> **Work instruction**: Lines to restate from the data below: from the one containing "Amazon.com: Green Toys" to the one containing "160823-N-CM227-134 BOISE, Idaho", both included. Give them again exactly, and only them.

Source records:
.....

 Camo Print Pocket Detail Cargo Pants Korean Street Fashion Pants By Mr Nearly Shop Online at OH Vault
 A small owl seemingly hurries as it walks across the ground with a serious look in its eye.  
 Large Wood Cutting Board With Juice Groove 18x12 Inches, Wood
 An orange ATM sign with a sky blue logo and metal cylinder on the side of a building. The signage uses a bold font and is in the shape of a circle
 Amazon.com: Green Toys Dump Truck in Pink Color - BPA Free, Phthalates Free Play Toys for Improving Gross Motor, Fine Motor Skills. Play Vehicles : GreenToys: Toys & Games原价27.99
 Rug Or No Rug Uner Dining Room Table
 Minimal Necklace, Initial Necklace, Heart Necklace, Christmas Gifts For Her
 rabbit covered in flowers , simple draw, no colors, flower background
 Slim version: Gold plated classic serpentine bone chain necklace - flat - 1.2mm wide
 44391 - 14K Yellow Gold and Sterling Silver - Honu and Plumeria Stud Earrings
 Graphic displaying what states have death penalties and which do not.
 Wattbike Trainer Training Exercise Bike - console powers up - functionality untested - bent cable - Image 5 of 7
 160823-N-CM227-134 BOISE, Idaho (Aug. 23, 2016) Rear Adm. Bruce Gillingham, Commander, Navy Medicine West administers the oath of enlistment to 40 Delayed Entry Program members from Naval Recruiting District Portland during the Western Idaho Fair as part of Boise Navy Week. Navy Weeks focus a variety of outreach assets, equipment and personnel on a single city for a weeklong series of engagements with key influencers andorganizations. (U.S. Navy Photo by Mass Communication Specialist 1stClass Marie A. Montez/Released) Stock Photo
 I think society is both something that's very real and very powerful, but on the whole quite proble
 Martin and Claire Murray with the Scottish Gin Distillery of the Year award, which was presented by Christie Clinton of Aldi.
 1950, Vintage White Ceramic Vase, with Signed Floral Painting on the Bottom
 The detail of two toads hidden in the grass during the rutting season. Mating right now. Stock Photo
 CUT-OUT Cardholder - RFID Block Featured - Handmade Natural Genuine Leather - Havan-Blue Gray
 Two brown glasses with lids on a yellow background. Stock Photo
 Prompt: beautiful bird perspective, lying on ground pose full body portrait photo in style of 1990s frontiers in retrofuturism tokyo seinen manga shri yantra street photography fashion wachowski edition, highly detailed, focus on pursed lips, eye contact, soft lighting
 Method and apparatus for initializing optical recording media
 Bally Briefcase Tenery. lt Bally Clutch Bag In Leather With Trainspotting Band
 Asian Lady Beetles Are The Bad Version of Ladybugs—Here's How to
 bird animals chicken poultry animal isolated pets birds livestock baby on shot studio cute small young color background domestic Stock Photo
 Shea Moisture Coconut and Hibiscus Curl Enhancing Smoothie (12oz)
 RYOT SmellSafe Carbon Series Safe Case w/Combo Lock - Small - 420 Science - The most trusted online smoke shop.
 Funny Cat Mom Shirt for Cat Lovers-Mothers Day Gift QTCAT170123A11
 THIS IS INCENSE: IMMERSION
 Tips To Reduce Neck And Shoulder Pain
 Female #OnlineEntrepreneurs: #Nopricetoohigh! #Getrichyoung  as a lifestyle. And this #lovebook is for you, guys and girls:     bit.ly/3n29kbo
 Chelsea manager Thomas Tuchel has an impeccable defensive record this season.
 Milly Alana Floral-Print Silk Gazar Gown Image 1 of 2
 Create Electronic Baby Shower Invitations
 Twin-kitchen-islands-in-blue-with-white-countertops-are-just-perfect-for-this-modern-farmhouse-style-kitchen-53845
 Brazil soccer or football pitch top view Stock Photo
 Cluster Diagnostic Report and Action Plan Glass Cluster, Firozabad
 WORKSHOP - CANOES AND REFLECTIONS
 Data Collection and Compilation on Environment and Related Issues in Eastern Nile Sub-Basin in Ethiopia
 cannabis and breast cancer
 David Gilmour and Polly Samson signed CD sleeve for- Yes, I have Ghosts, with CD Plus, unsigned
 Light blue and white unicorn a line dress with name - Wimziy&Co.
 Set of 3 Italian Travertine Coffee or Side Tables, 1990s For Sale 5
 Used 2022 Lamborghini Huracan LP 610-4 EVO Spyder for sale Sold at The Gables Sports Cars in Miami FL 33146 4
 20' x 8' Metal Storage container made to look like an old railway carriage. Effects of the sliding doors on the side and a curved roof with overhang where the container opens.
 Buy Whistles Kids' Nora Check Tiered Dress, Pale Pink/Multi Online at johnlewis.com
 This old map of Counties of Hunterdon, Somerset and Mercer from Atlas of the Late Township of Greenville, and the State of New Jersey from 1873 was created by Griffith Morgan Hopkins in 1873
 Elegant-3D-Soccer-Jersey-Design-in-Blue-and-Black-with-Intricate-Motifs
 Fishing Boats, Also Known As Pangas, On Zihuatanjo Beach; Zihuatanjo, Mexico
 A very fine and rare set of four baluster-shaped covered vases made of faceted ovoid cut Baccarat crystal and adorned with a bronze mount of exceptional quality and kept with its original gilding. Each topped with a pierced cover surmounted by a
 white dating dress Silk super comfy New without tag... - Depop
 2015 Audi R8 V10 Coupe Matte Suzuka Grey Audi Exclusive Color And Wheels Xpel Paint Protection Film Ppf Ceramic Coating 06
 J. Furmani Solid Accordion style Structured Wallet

.....

> **Expected answer**:
 Amazon.com: Green Toys Dump Truck in Pink Color - BPA Free, Phthalates Free Play Toys for Improving Gross Motor, Fine Motor Skills. Play Vehicles : GreenToys: Toys & Games原价27.99
 Rug Or No Rug Uner Dining Room Table
 Minimal Necklace, Initial Necklace, Heart Necklace, Christmas Gifts For Her
 rabbit covered in flowers , simple draw, no colors, flower background
 Slim version: Gold plated classic serpentine bone chain necklace - flat - 1.2mm wide
 44391 - 14K Yellow Gold and Sterling Silver - Honu and Plumeria Stud Earrings
 Graphic displaying what states have death penalties and which do not.
 Wattbike Trainer Training Exercise Bike - console powers up - functionality untested - bent cable - Image 5 of 7
 160823-N-CM227-134 BOISE, Idaho (Aug. 23, 2016) Rear Adm. Bruce Gillingham, Commander, Navy Medicine West administers the oath of enlistment to 40 Delayed Entry Program members from Naval Recruiting District Portland during the Western Idaho Fair as part of Boise Navy Week. Navy Weeks focus a variety of outreach assets, equipment and personnel on a single city for a weeklong series of engagements with key influencers andorganizations. (U.S. Navy Photo by Mass Communication Specialist 1stClass Marie A. Montez/Released) Stock Photo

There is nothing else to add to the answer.